> WHAT IS EXPECTED
Only the lines from the one containing "Personnel Records of" through the end of the data below are to be repeated, exactly as given, without pictures.

> SUPPLIED INFORMATION
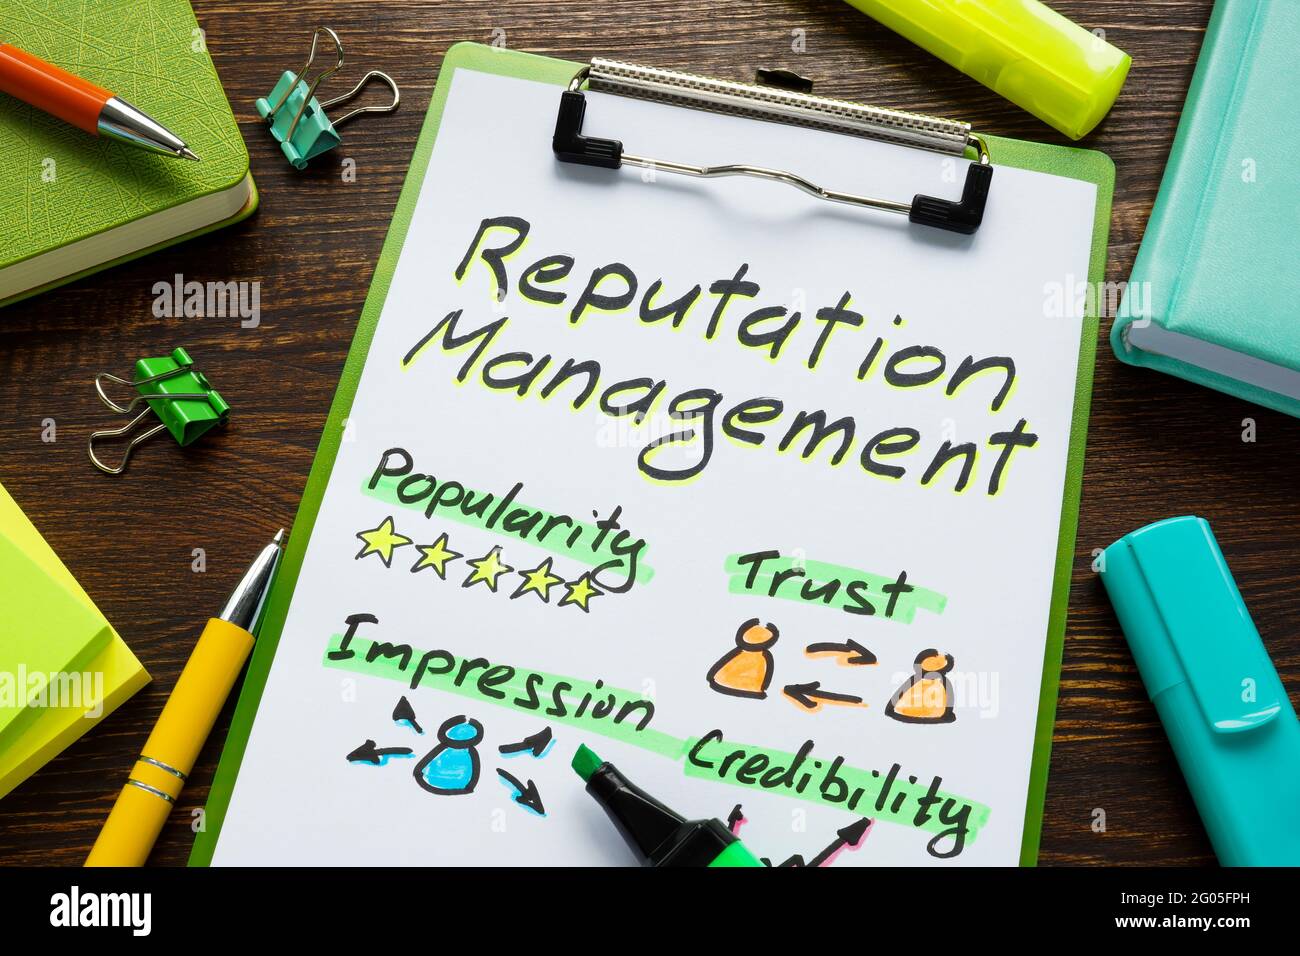 Reputation management plan about trust and popularity. Stock Photo
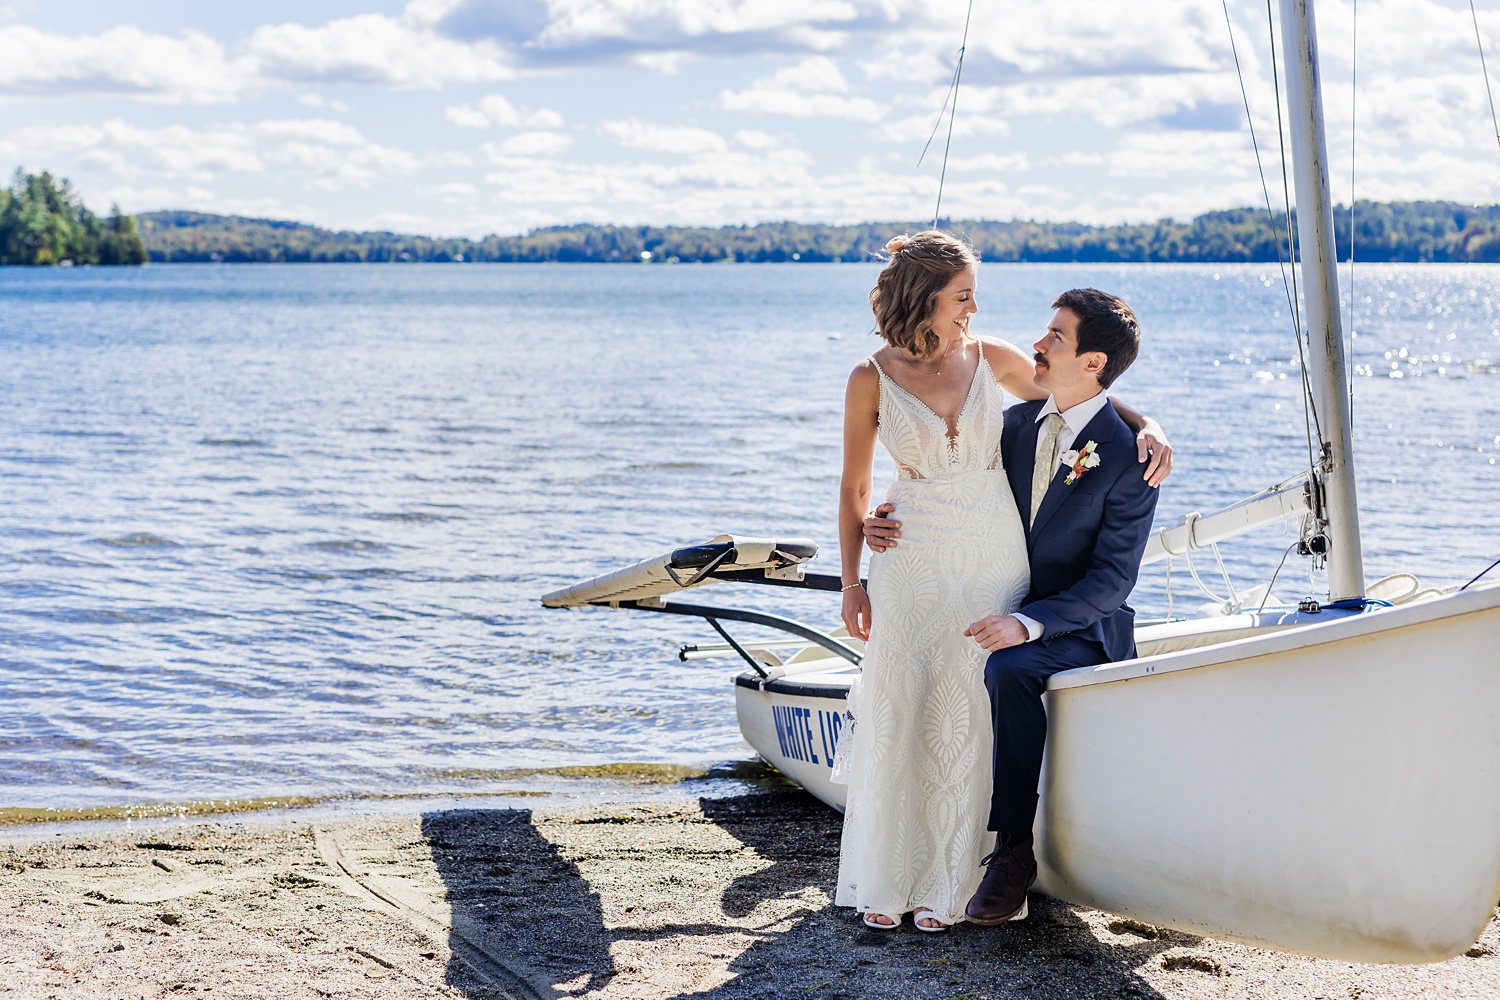 Bride and groom settle on a boat sitting shoreside on the lake
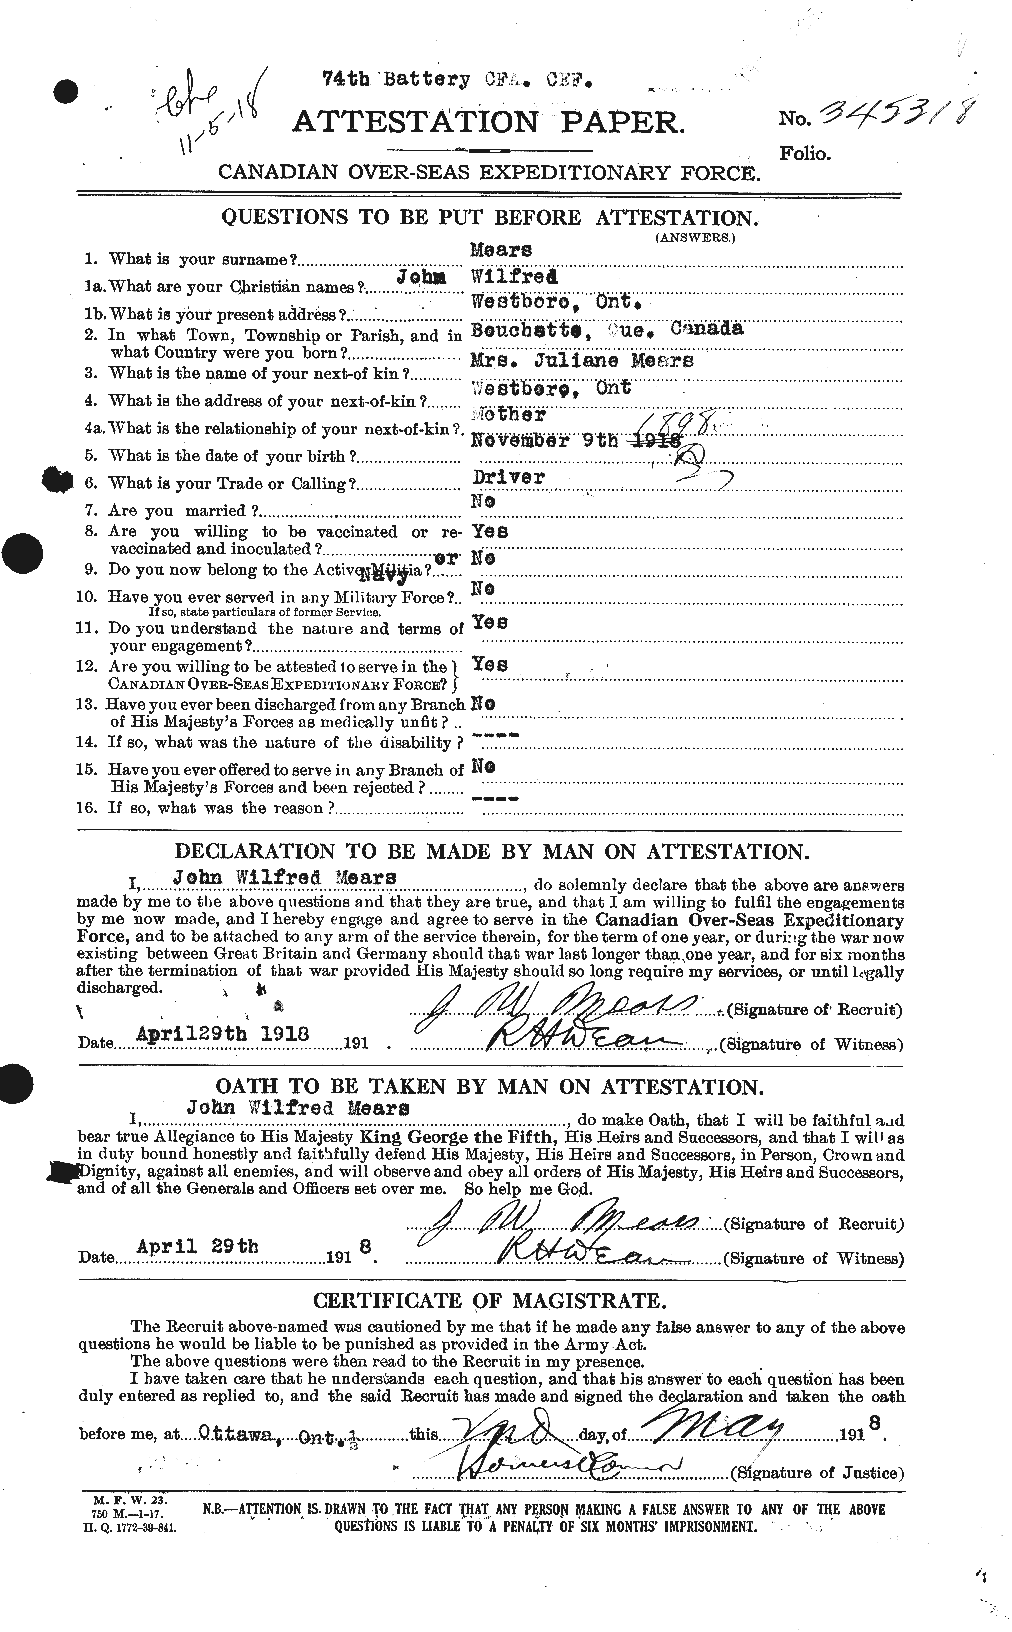 Personnel Records of the First World War - CEF 489703a
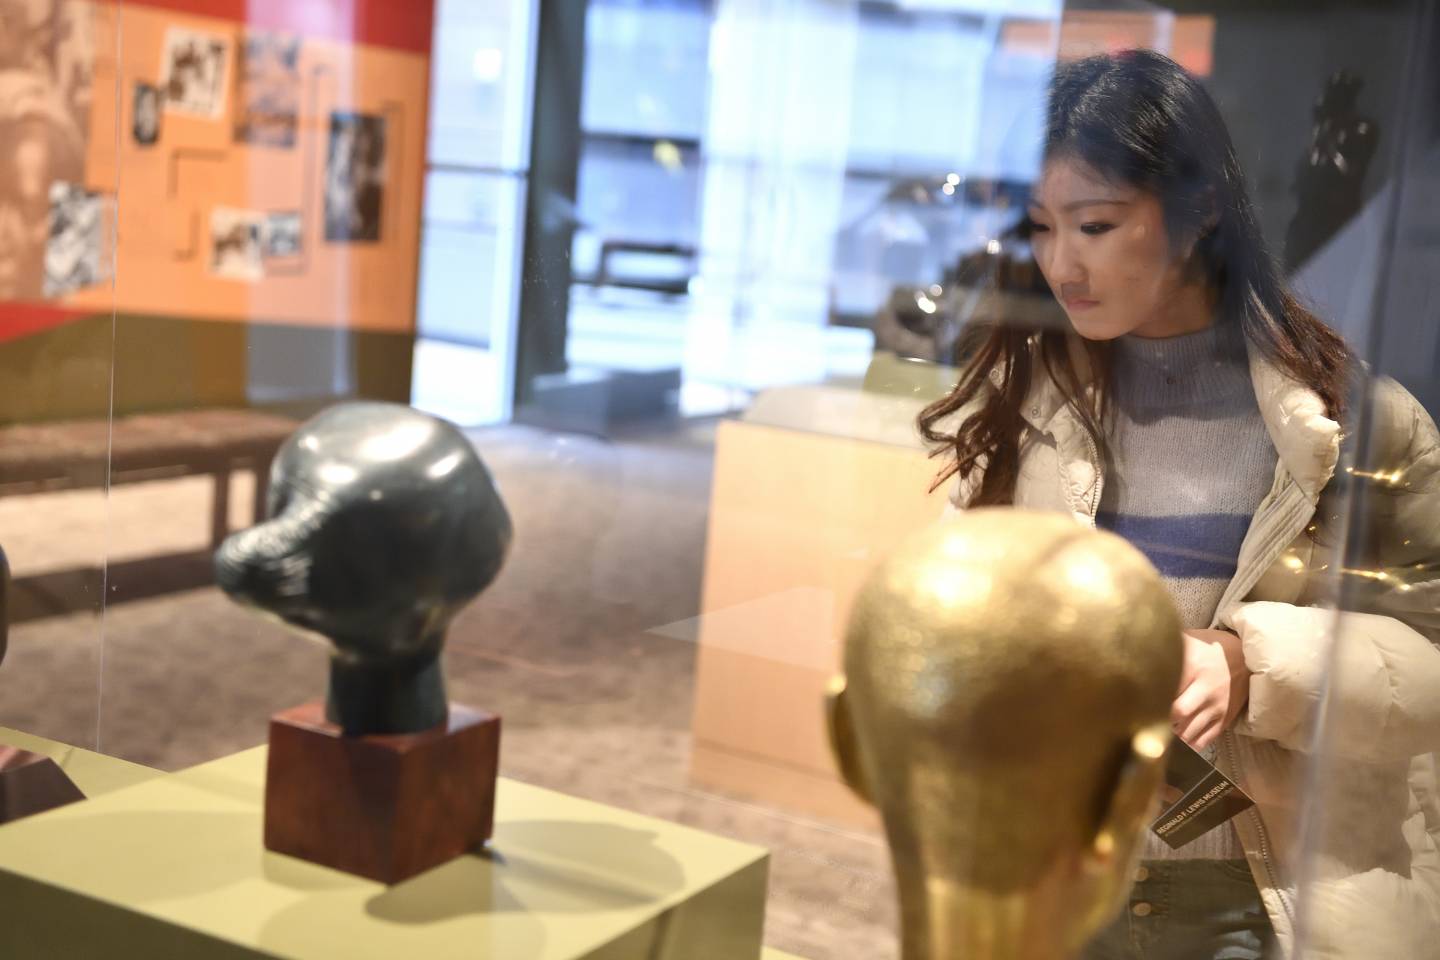 A woman examines an exhibit in a museum

> FINISHED EXERCISE
 Personnel Records of the First World War - CEF 489703a
 A woman examines an exhibit in a museum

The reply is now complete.